Time-resolved PIV of a turbulent boundary layer over a spanwise-oscillating surface

This work reports measurements of a turbulent boundary layer at Re$_{\theta } \approx $ 2500, over a resonant spanwise-oscillating surface driven by a linear electromagnetic motor. Time-resolved PIV measurements of velocity are presented and supplemented by hot-wire measurements of velocity and direct drag measurements of friction drag using a drag balance. A maximum of 16{\%} surface friction reduction, as calculated by the diminution of the wall-normal streamwise velocity gradient was obtained. The PIV laser beam was parallel to the plane of the oscillating surface at a height of $y^{+} \approx $ 15, hence, top-down views of the near-wall turbulence activity and the effect of the surface oscillation on its evolution were obtained.
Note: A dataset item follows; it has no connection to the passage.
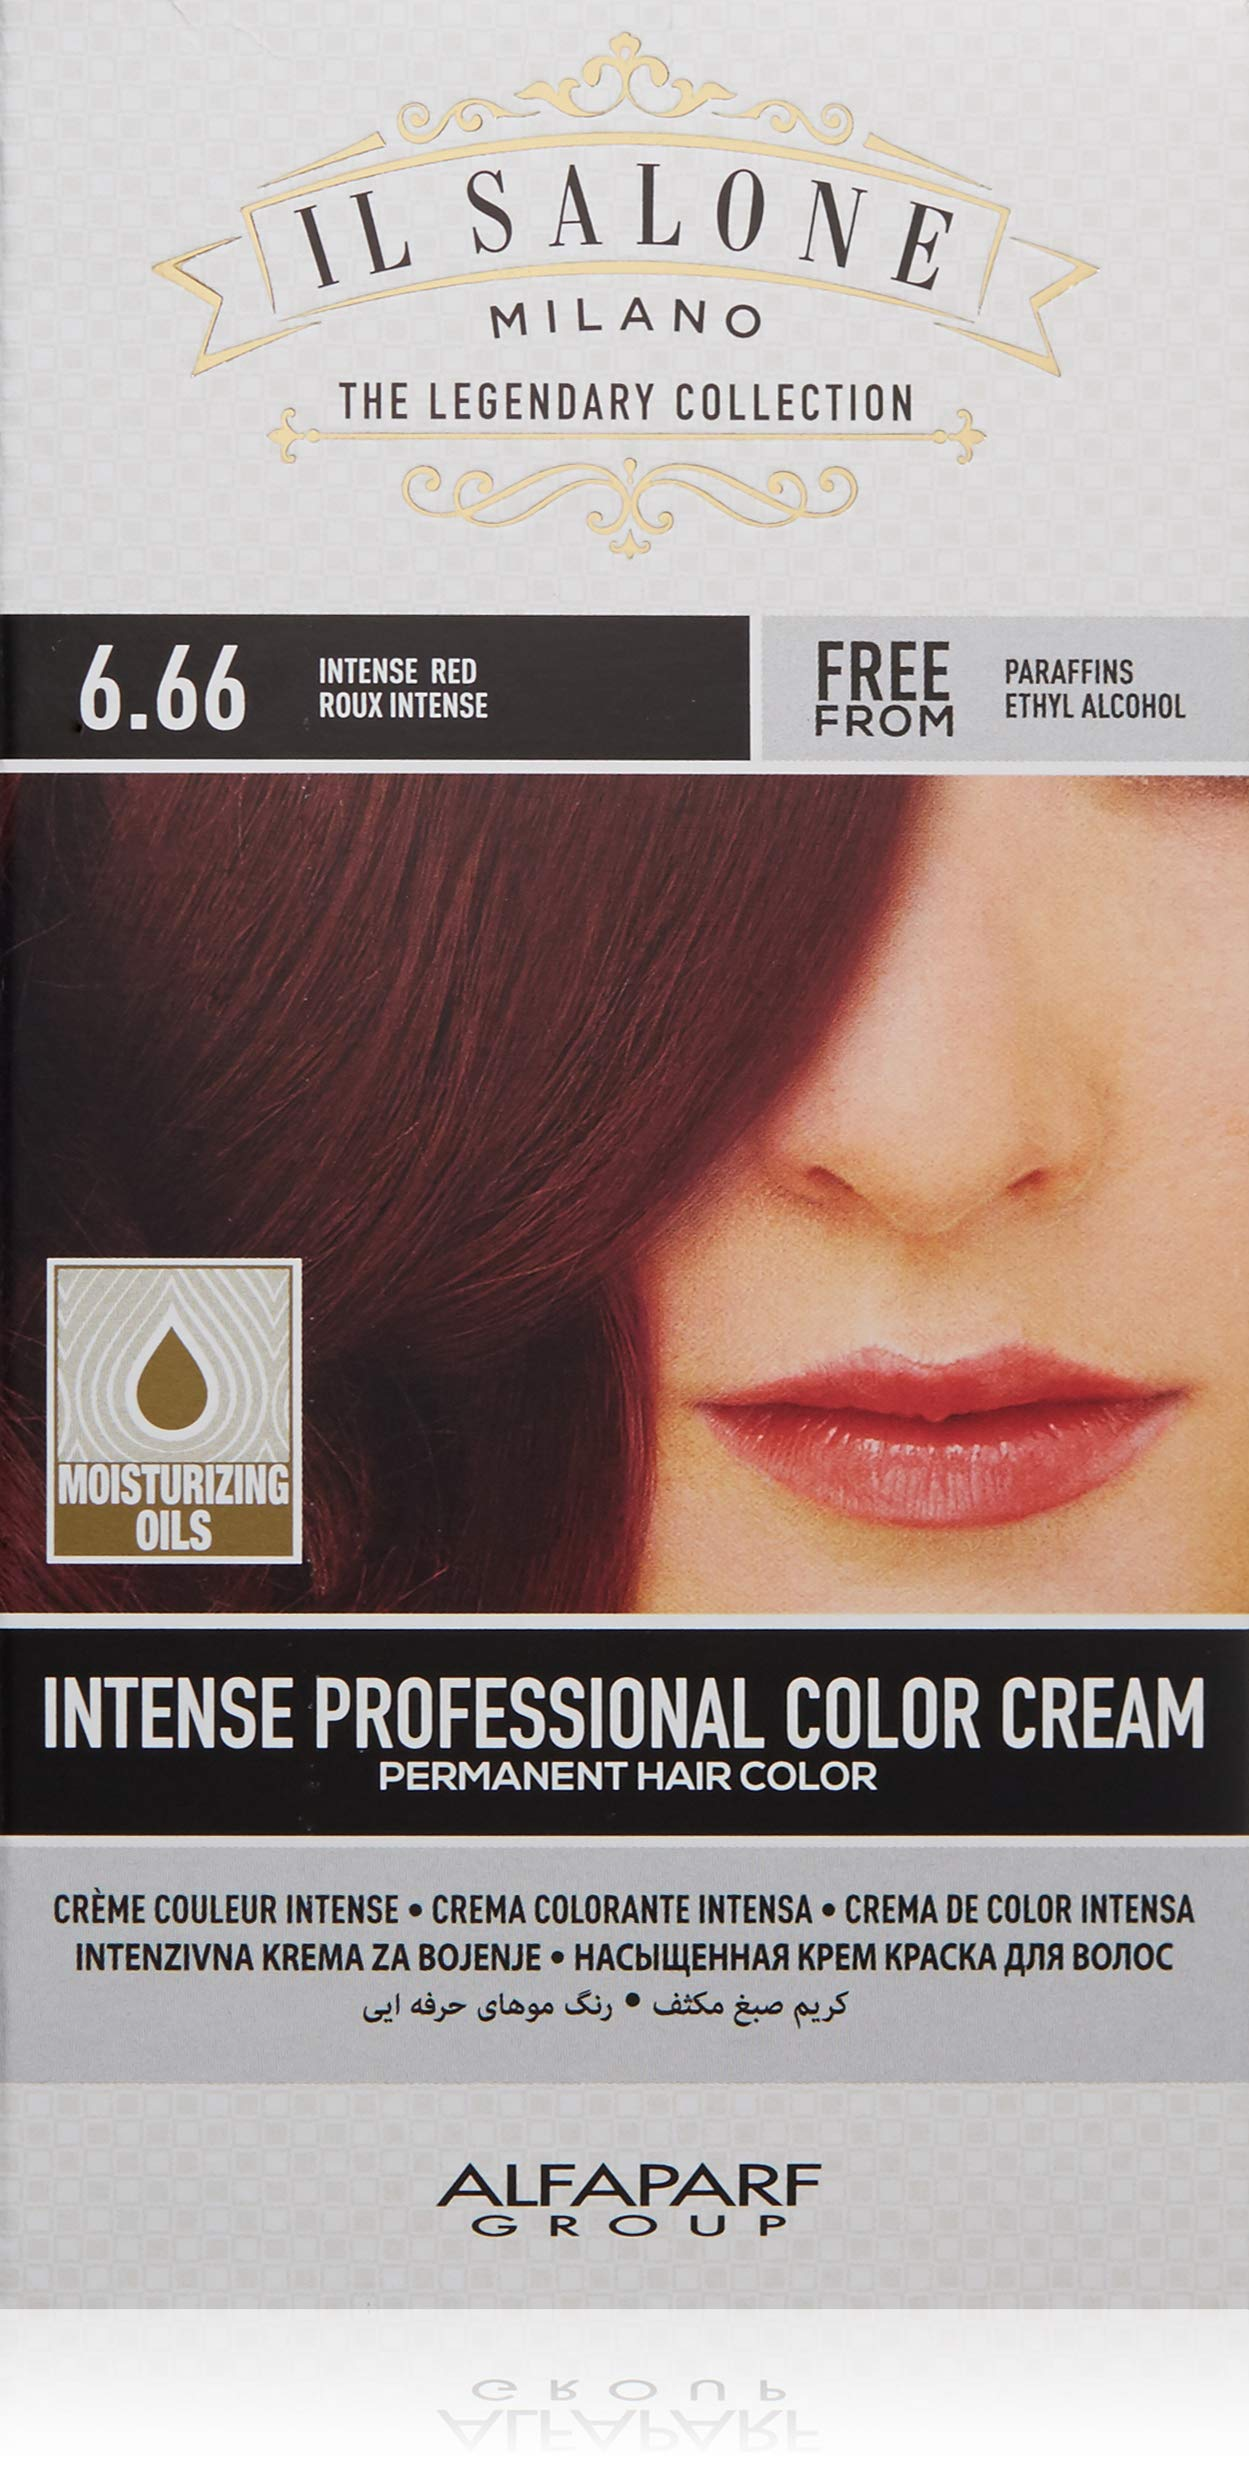 Il Salone Milano Permanent Hair Color Cream - 6.66 Intense Red Hair Dye - Professional Salon - Premium Quality - 100% Gray Coverage - Paraffin Free - Ethyl Alcohol Free - Moisturizing Oils

It has been shown that the imposition of a spanwise Stokes-like layer at a non-dimensional period of $T^+={Tu_\tau ^2 } \mathord{\left/ {\vphantom {{Tu_\tau ^2 } \nu }} \right. \kern-\nulldelimiterspace} \nu $ $\approx $ 100 at peak-peak oscillation amplitudes equal to or larger than the mean streak spacing enabled the direct manipulation of the quasi-streamwise near-wall structures and caused fundamental changes in their evolution leading to reductions, for example, in the near-wall values of the mean-square of the streamwise fluctuating velocity component.